**INFORMATION SUPPLIED:**
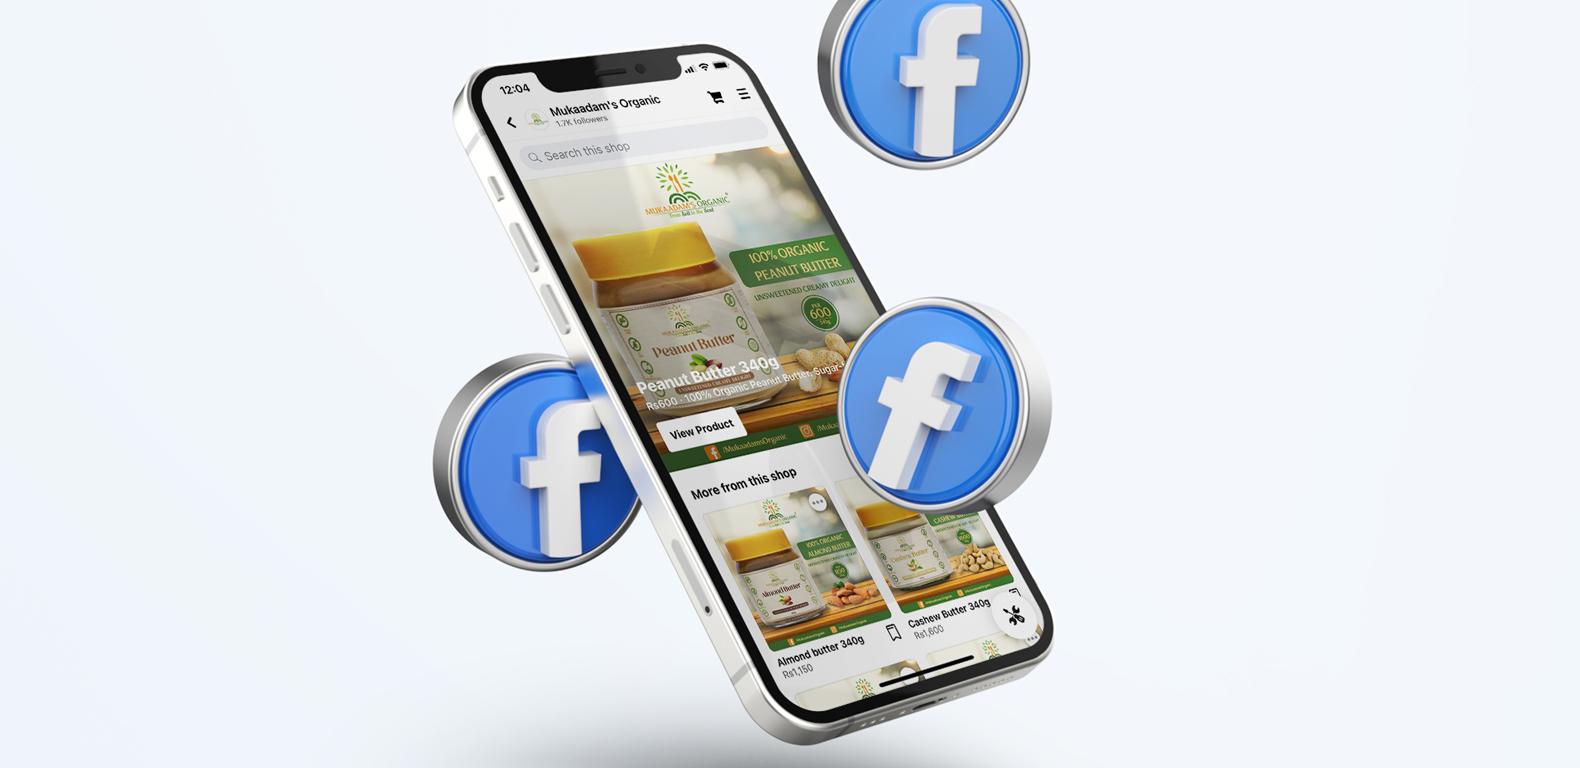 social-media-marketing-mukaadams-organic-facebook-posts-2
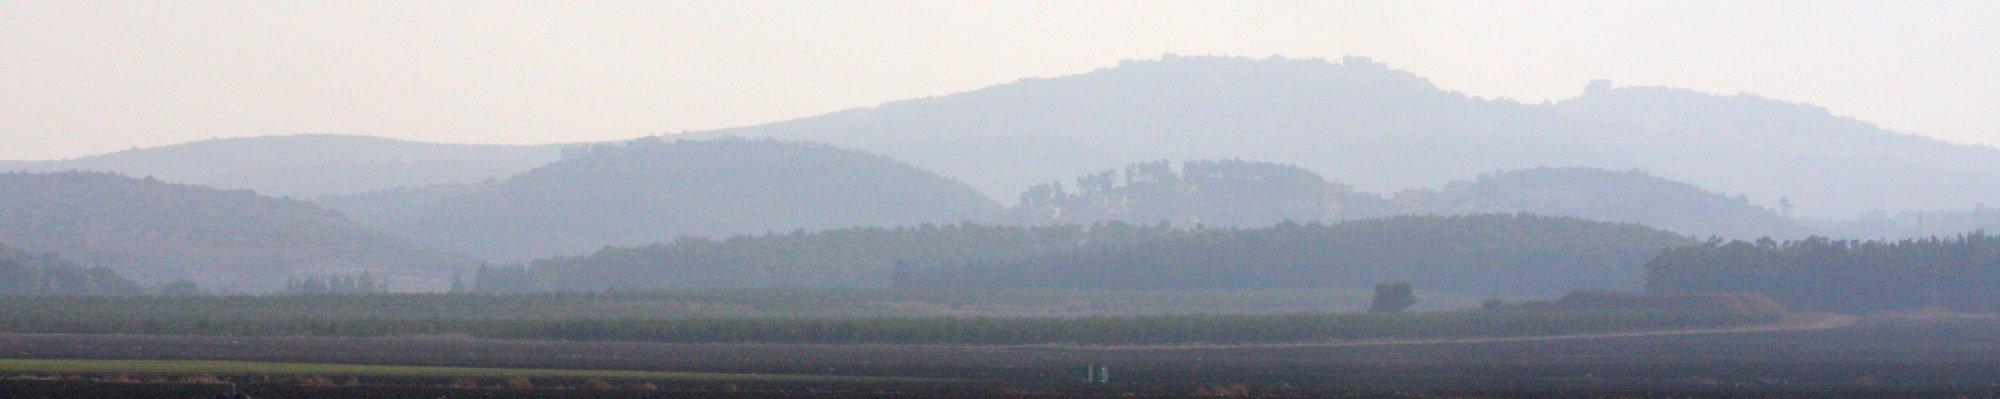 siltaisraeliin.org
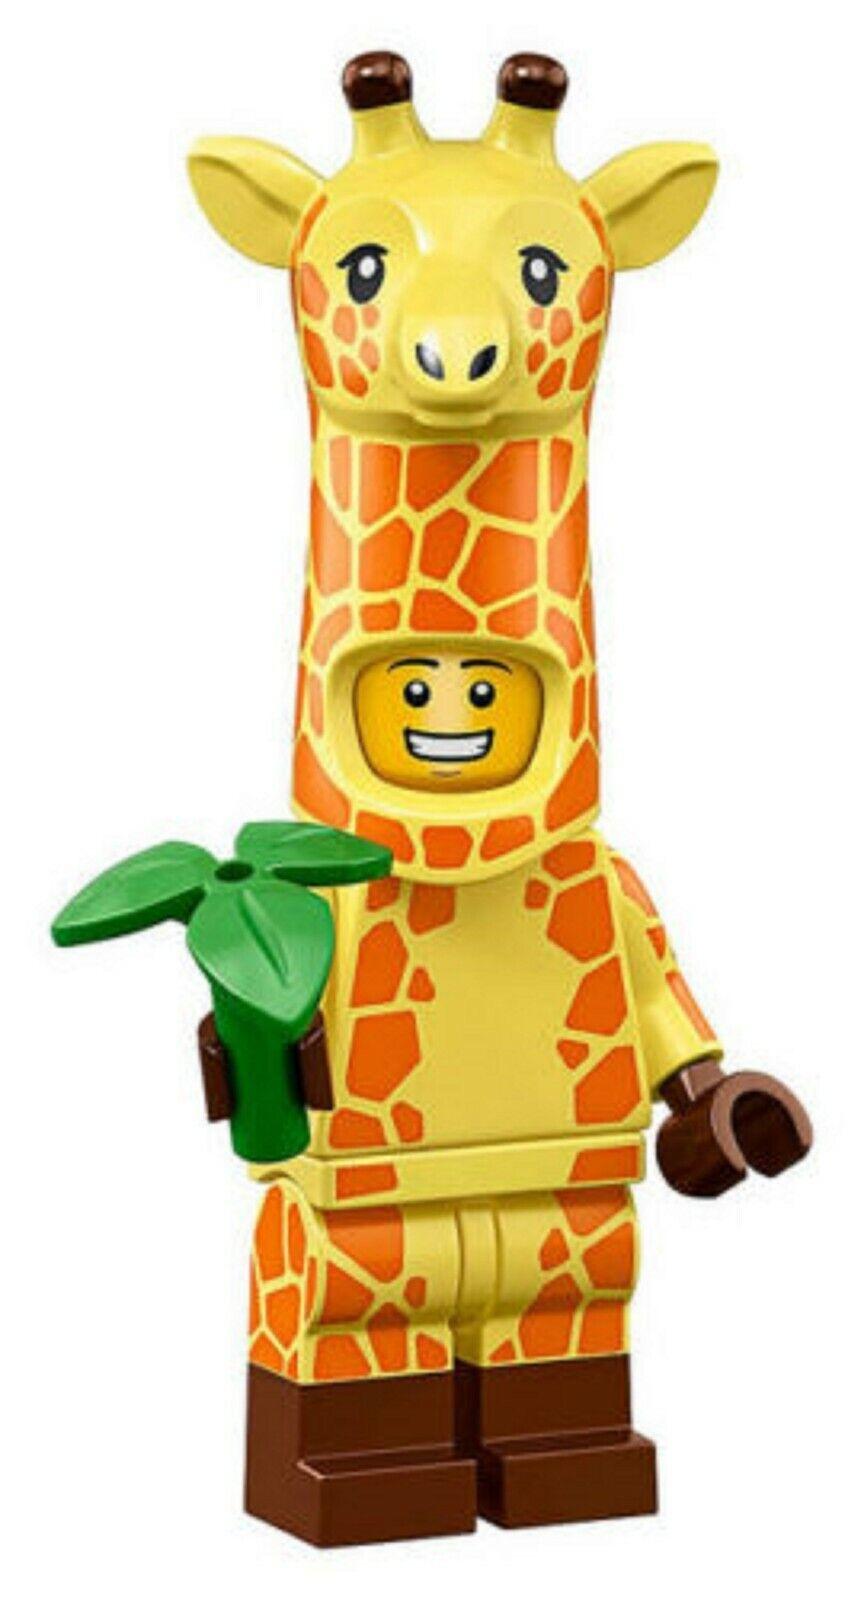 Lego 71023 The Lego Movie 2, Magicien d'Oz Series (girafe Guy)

**EXERCISE PROMPT:** Word for word, reproduce all the data, but not the pictures.

**SOLUTION FOR THIS EXERCISE:**
 social-media-marketing-mukaadams-organic-facebook-posts-2
 siltaisraeliin.org
 Lego 71023 The Lego Movie 2, Magicien d'Oz Series (girafe Guy)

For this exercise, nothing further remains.